*** RECORDS FOR THE EXERCISE Section Begins ***
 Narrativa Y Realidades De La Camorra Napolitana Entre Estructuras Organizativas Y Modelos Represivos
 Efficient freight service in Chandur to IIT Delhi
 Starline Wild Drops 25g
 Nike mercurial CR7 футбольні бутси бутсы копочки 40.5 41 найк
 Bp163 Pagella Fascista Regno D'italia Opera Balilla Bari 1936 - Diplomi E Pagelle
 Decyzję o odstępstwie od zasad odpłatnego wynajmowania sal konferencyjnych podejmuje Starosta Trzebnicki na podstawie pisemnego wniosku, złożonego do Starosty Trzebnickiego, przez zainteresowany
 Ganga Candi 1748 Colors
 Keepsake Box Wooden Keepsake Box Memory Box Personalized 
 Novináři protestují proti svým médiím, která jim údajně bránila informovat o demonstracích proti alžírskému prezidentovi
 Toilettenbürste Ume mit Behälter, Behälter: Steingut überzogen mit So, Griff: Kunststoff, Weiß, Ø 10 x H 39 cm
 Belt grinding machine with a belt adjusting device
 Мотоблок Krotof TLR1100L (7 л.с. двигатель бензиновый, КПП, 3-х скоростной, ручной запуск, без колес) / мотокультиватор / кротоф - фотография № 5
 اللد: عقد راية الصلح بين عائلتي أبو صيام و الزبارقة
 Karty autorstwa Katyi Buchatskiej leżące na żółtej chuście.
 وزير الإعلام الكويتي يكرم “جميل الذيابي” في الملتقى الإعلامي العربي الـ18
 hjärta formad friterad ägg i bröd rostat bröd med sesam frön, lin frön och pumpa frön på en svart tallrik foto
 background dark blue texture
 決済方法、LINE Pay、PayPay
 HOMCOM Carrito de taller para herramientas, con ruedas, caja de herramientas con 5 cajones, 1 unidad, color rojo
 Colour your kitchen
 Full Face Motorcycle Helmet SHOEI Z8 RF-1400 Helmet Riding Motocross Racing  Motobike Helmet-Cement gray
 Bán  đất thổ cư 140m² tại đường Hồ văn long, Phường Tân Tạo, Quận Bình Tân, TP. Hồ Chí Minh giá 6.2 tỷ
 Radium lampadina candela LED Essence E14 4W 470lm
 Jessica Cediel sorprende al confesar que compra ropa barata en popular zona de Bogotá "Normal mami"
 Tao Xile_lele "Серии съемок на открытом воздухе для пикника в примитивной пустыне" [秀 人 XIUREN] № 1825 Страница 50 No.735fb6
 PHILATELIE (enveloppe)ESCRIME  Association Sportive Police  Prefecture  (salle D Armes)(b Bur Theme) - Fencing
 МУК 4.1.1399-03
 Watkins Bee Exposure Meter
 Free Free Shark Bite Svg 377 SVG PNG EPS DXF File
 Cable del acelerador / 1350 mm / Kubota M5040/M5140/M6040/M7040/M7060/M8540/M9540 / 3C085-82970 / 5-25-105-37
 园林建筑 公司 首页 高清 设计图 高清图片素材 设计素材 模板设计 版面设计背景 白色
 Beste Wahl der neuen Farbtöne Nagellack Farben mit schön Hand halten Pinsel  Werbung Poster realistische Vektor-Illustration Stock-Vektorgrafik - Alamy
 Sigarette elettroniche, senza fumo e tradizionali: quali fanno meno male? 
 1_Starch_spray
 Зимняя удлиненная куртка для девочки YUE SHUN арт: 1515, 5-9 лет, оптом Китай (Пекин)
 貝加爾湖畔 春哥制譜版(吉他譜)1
*** RECORDS FOR THE EXERCISE Section Ends ***
• **YOUR ASSIGNMENT**: Repeat the records above with every character intact.

• **RESPONSE FOR THIS EXERCISE**:
 Narrativa Y Realidades De La Camorra Napolitana Entre Estructuras Organizativas Y Modelos Represivos
 Efficient freight service in Chandur to IIT Delhi
 Starline Wild Drops 25g
 Nike mercurial CR7 футбольні бутси бутсы копочки 40.5 41 найк
 Bp163 Pagella Fascista Regno D'italia Opera Balilla Bari 1936 - Diplomi E Pagelle
 Decyzję o odstępstwie od zasad odpłatnego wynajmowania sal konferencyjnych podejmuje Starosta Trzebnicki na podstawie pisemnego wniosku, złożonego do Starosty Trzebnickiego, przez zainteresowany
 Ganga Candi 1748 Colors
 Keepsake Box Wooden Keepsake Box Memory Box Personalized 
 Novináři protestují proti svým médiím, která jim údajně bránila informovat o demonstracích proti alžírskému prezidentovi
 Toilettenbürste Ume mit Behälter, Behälter: Steingut überzogen mit So, Griff: Kunststoff, Weiß, Ø 10 x H 39 cm
 Belt grinding machine with a belt adjusting device
 Мотоблок Krotof TLR1100L (7 л.с. двигатель бензиновый, КПП, 3-х скоростной, ручной запуск, без колес) / мотокультиватор / кротоф - фотография № 5
 اللد: عقد راية الصلح بين عائلتي أبو صيام و الزبارقة
 Karty autorstwa Katyi Buchatskiej leżące na żółtej chuście.
 وزير الإعلام الكويتي يكرم “جميل الذيابي” في الملتقى الإعلامي العربي الـ18
 hjärta formad friterad ägg i bröd rostat bröd med sesam frön, lin frön och pumpa frön på en svart tallrik foto
 background dark blue texture
 決済方法、LINE Pay、PayPay
 HOMCOM Carrito de taller para herramientas, con ruedas, caja de herramientas con 5 cajones, 1 unidad, color rojo
 Colour your kitchen
 Full Face Motorcycle Helmet SHOEI Z8 RF-1400 Helmet Riding Motocross Racing  Motobike Helmet-Cement gray
 Bán  đất thổ cư 140m² tại đường Hồ văn long, Phường Tân Tạo, Quận Bình Tân, TP. Hồ Chí Minh giá 6.2 tỷ
 Radium lampadina candela LED Essence E14 4W 470lm
 Jessica Cediel sorprende al confesar que compra ropa barata en popular zona de Bogotá "Normal mami"
 Tao Xile_lele "Серии съемок на открытом воздухе для пикника в примитивной пустыне" [秀 人 XIUREN] № 1825 Страница 50 No.735fb6
 PHILATELIE (enveloppe)ESCRIME  Association Sportive Police  Prefecture  (salle D Armes)(b Bur Theme) - Fencing
 МУК 4.1.1399-03
 Watkins Bee Exposure Meter
 Free Free Shark Bite Svg 377 SVG PNG EPS DXF File
 Cable del acelerador / 1350 mm / Kubota M5040/M5140/M6040/M7040/M7060/M8540/M9540 / 3C085-82970 / 5-25-105-37
 园林建筑 公司 首页 高清 设计图 高清图片素材 设计素材 模板设计 版面设计背景 白色
 Beste Wahl der neuen Farbtöne Nagellack Farben mit schön Hand halten Pinsel  Werbung Poster realistische Vektor-Illustration Stock-Vektorgrafik - Alamy
 Sigarette elettroniche, senza fumo e tradizionali: quali fanno meno male? 
 1_Starch_spray
 Зимняя удлиненная куртка для девочки YUE SHUN арт: 1515, 5-9 лет, оптом Китай (Пекин)
 貝加爾湖畔 春哥制譜版(吉他譜)1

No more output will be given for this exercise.